Nice to see the IPO pipeline is restarting again. One in particular looks interesting in my view – it’s called the Tellworth British Recovery & Growth Trust (BRIT). The new fund “believes that many companies listed on the UK stock market are currently undervalued.”. You can see an early research note on the proposed IPO HERE.

Here’s the fund basics: BRIT is a new company that has been established to invest in the United Kingdom. Its portfolio will combine what the investment manager believes to be the best of British global leaders, British recovery stocks and British technology stocks. It will aid those British companies if they need more capital and aims to support many of them as they grow from small beginnings to the world-class companies of tomorrow. The investment team selecting stocks for inclusion in the portfolio is led by Paul Marriage and John Warren, who worked together at Schroders before setting up Tellworth Investments in October 2017. BRIT is seeking to raise £100m in its initial issue, which is open to both professional and private investors (in qualifying locations). There seems to be a hard-minimum fund raise at £75m working alongside Dickson Minto and Numis.

The obvious focus here is on UK focused businesses – the team “will actively seek companies that are UK-based and headquartered and that have significant UK activities in research, development, production or services without which their business could not thrive.” Crucially the team seem to be focused more on what I suppose one could loosely call ‘growth’ / quality stocks, thus differentiating the fund from more value focused peers.

“Over the past 20 years, members of the team have a developed a stock-selection methodology which aims to identify companies which are at an early-stage on their path to becoming world-leading public companies. The team calls this ‘P3M’ investing.

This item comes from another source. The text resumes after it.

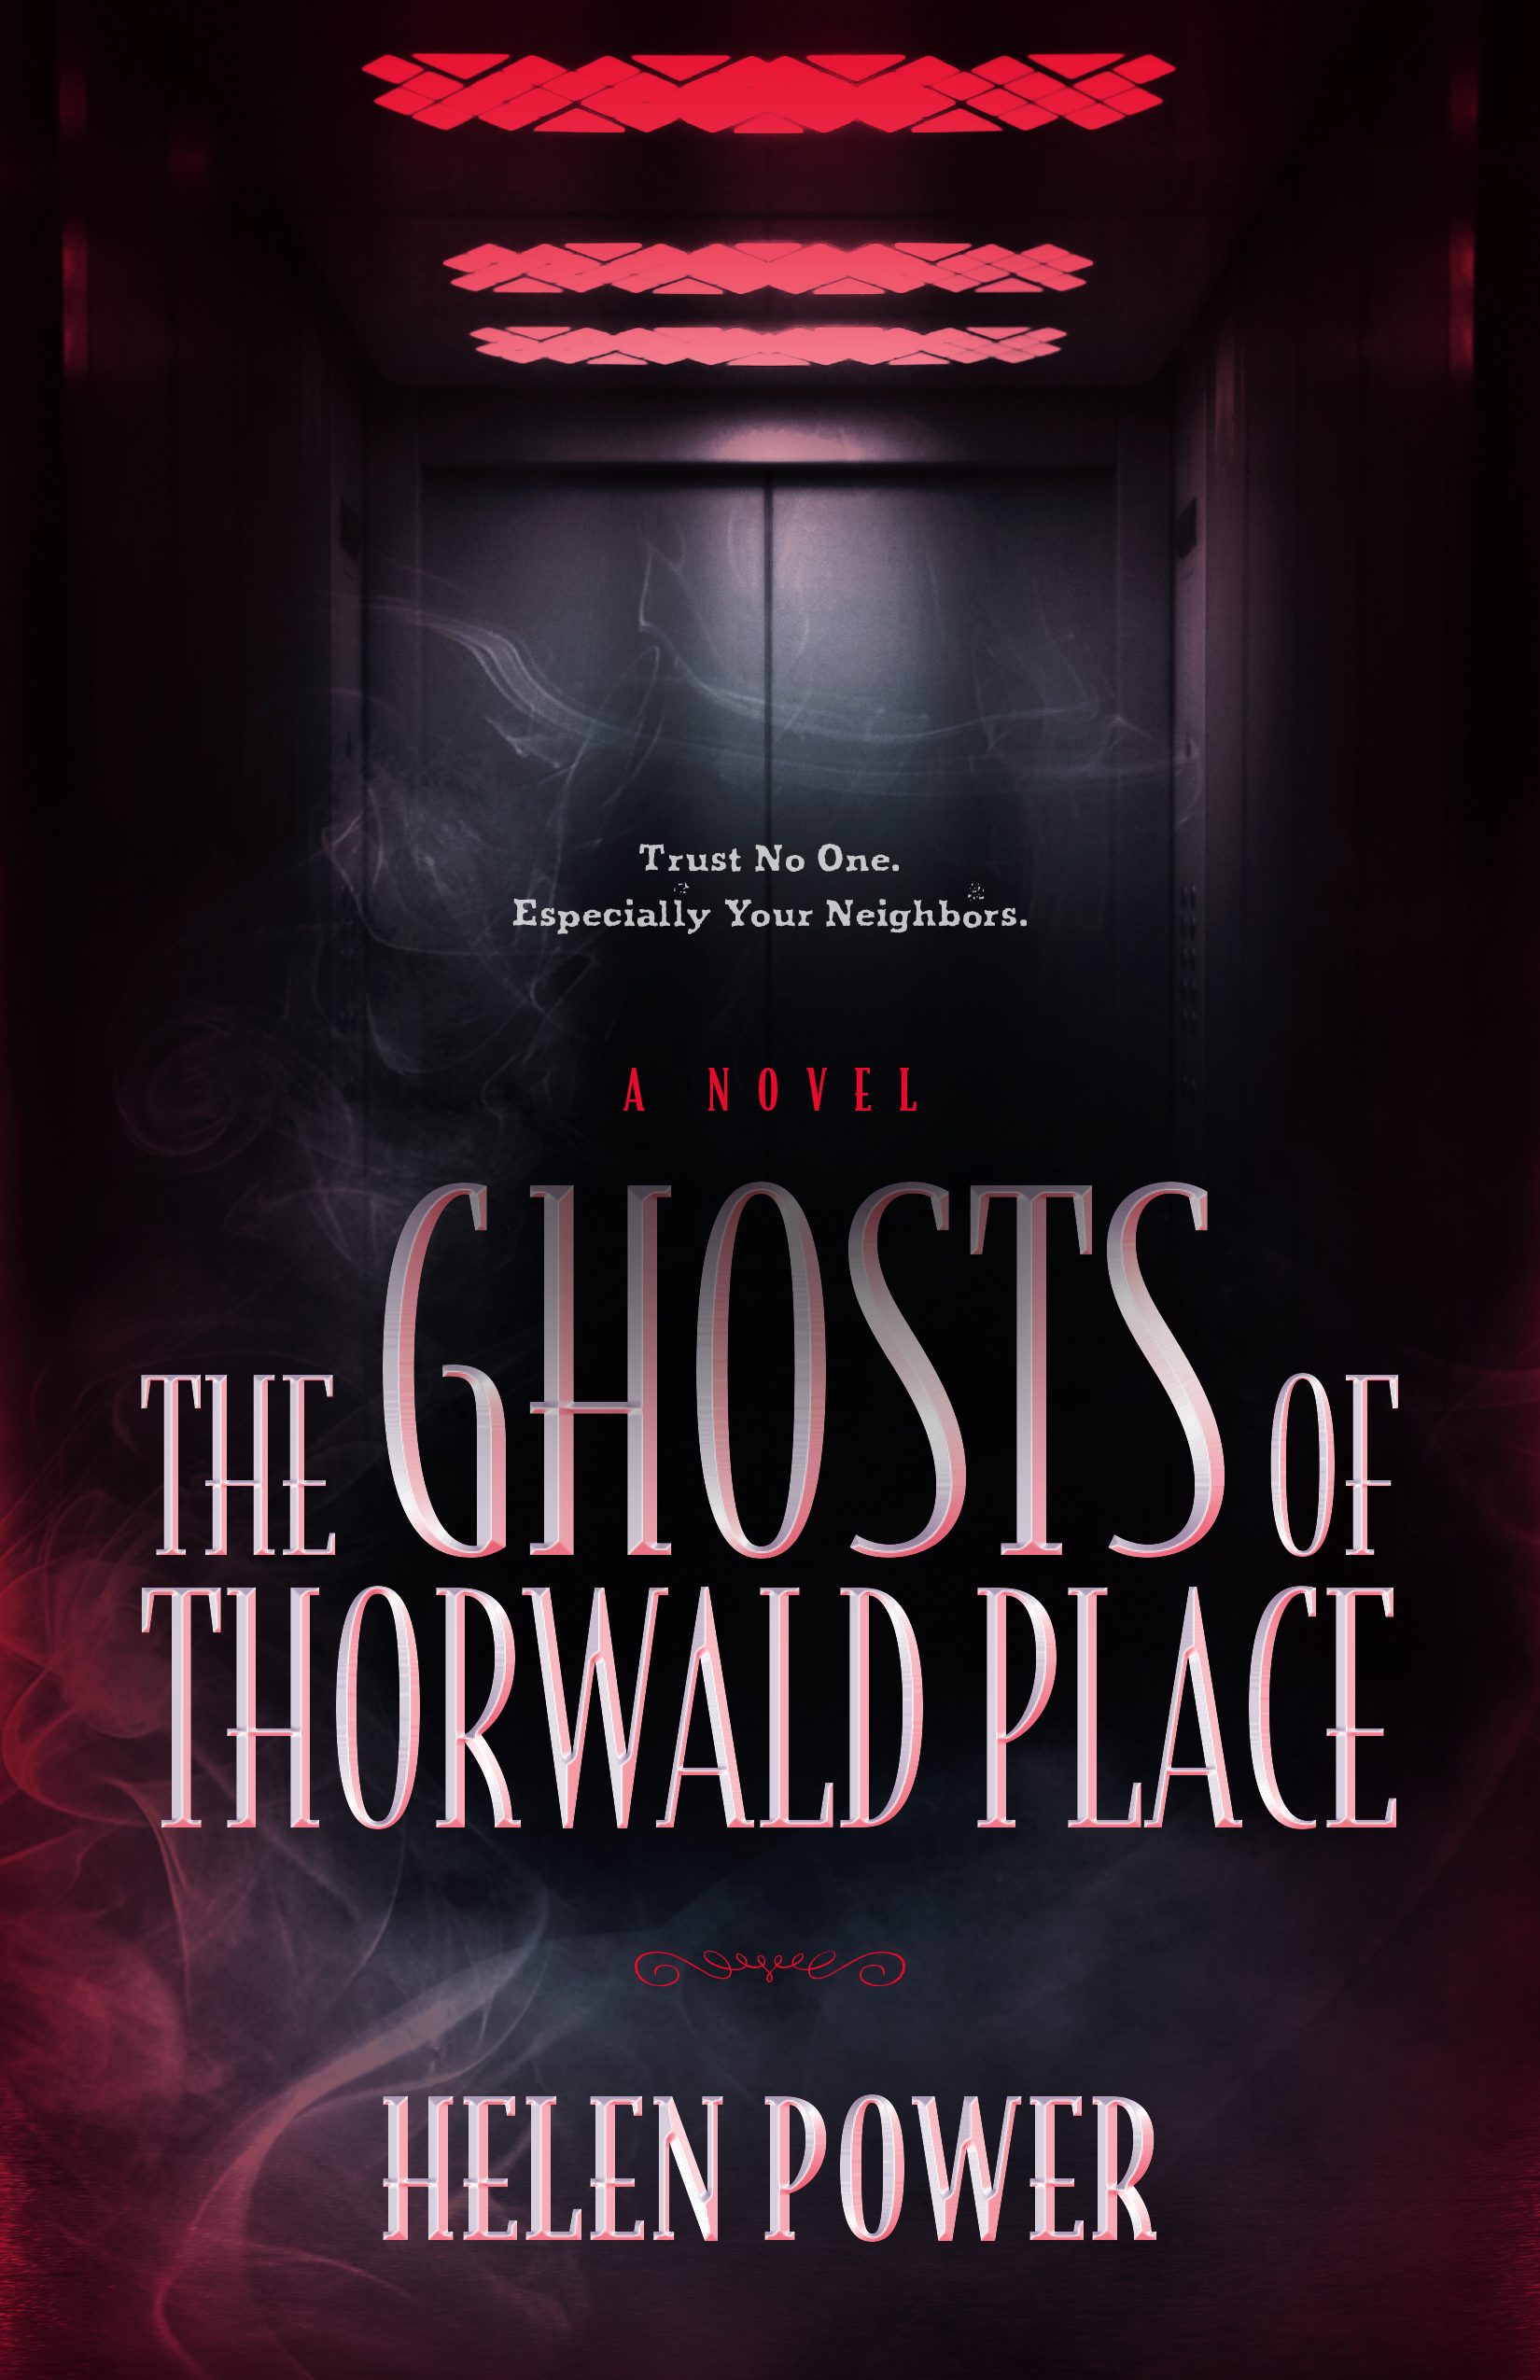 The Ghosts of Thorwald Place by Helen Power

  • Product – companies that offer a differentiated product, possess their own intellectual property and demonstrate strong levels of R&D.
  • Market – companies that demonstrate strong global market positions.
  • Margin – companies that demonstrate an ability to grow their margin over time and generate high returns on capital and cash.
  • Management – companies whose management have a demonstrable shareholder value approach and who own stock in the company.

The team believes that companies that meet these criteria can be classified as existing and future British Global Leaders.”

In terms of screens used for this dynamic stockpicking process, for inclusion in the fund the following criteria are used.

  • British Global Leaders – 20% of the business’s staff must be based in the UK at the time of investment.
  • British Recovery – 50% of the business’s staff must be based in the UK at the time of investment.
  • British Technology – 25% of the business’s staff must be based in the UK at the time of investment.

Overall, I think this sounds a really interesting new fund, especially given my core contention that UK equities are super cheap. It’s a growth/quality multi cap approach and so is quite different from many of the existing UK equity focused investment trusts such as Aurora (where I am a NED), the Fidelity Special Sits fund and Schroder UK Mid Cap. I suppose the main competition will be Baillie Gifford UK Growth. The ex Schroders team are highly rated and the timing for this new fund is excellent though I would note that across the (UK) sector  discounts are still quite high, averaging around 12% the last time I looked.